Uber has become such an ever-present and ubiquitous force that it has changed not only the way we drive, but also the way we live. It operates in over 200 cities across 45 different countries and is poised to expand into more regions with even more services. To be sure, a great number of people throughout the world cannot imagine life without it, and if you live in New York, Los Angeles, Washington, San Francisco, Miami or any big city, Uber can be as essential as your cellphone.

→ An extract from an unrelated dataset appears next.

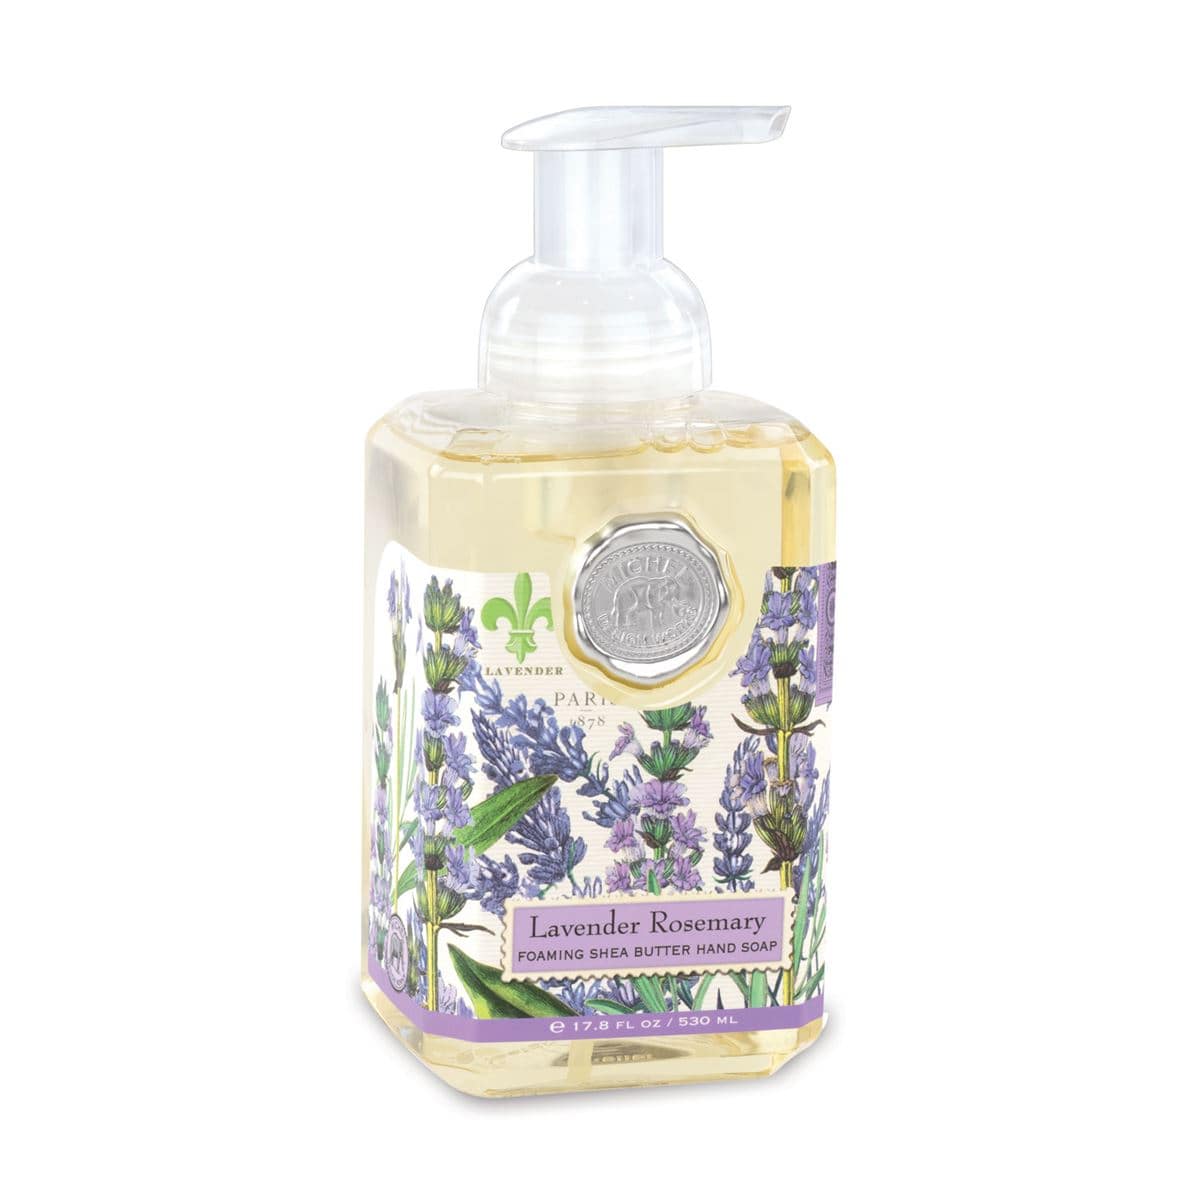 Lavender Rosemary Foaming Soap - Findlay Rowe Designs

But even with its popular embrace and market ascendance, all is not well with Uber. Today, the technology company is on a collision course with two invariable realities of the modern marketplace that threaten its long-term financial well-being: federal regulation and class-action litigation.
Regulation
On the regulatory front, Uber’s business practices have been flagged for a disproportionately high number of violations of federal laws over a relatively short period of time. From unfair labor practices to invasion of privacy, the company has faced a growing number of federal, state and international enforcement actions.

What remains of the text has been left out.